Aux États-Unis, l'attaque sur le droit à l'avortement a été précédée par de nombreuses lois anti-trans : dans l’Ohio, la loi Save Women’s Sports Act prévoit qu’en cas de doute sur le sexe d’une élève, celle-ci doit subir un examen intrusif pour prouver son sexe. Dans tous ces cas, il s’agit d’une attaque sur le droit des personnes à disposer de leur corps. L’arrivée d’attaques similaires contre les personnes trans en France nous laisse présager un sort semblable à celui des États-Unis.
La vision essentialiste des femmes que promeuvent les militant·es anti-trans est partagée par les théoricien·nes réactionnaires et des masculinismes. Il n’y a pas de surprise à ce que ces deux groupes aient coopéré et que l'extrême droite soit le premier relais des publications anti-trans.
Quelles perspectives pour les mouvements féministes et trans ?
Peu importe que les transitions paraissent incompréhensibles ou abstraites, les personnes trans ne sont pas un exercice de pensée destiné à interroger ce qui définit les rôles masculins et féminins.
La situation politique actuelle oblige le mouvement féministe à se positionner en soutien des revendications des personnes trans. Assister sans prendre parti n'est pas une option. Ne pas se revendiquer anti-trans ne suffit pas, il faut activement exiger avec les trans et avec les féministes, l’émancipation trans.
- Nous revendiquons l'autonomie des parcours de transition, la simplification de l'accès aux procédures administratives, la formation du personnel de santé, l'accès aux soins de transition et le remboursement intégral.

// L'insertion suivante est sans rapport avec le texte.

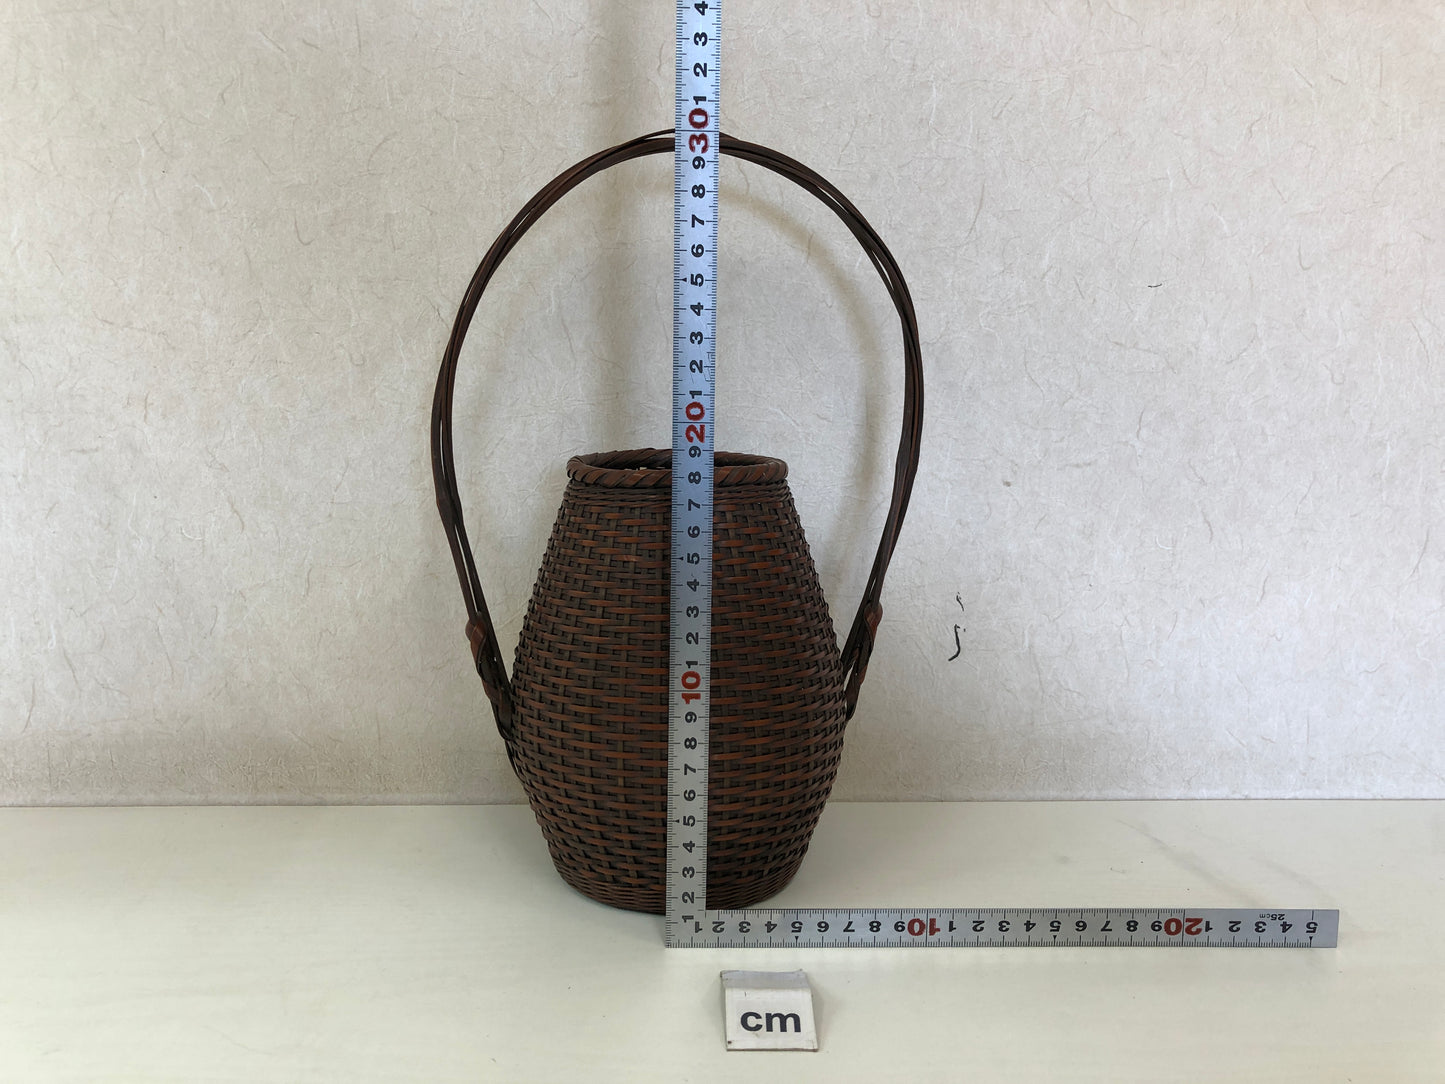 Y4539 Bamboo Woven Basket flower vase handle signed Japan antique ikebana kabin

- Nous demandons l'ouverture réelle de la PMA aux personnes trans et la facilitation de la filiation administrative pour les parents trans.
- Nous appelons à une hausse des subventions en faveur des associations venant en aide aux personnes LGBTI pour garantir la pérennité de leurs actions.
- Nous défendons une approche matérialiste des questions trans, c'est-à-dire qui ne soit pas empêtrée dans une approche essentialiste de la féminité, se basant sur les expériences des personnes trans et non sur ce qu'en fantasment les réactionnaires.
- Nous réclamons de la part de la presse et des médias qu’ils prennent leur responsabilité dans la manière dont ils ont de représenter et de diffuser les discours sur les personnes trans.
- Nous exigeons un soutien clair, économique et institutionnel des acteurs politiques aux personnes trans et à leurs droits.
- Nous nous dressons contre l'instrumentalisation par intérêt anti-trans des parcours des lesbiennes et des personnes qui ont détransitionné.
- Nous nous opposons à la discorde que certain·es essayent de pousser entre féminisme et droits trans.
- Nous appelons au soutien actif de toutes les forces se revendiquant du féminisme envers les personnes trans.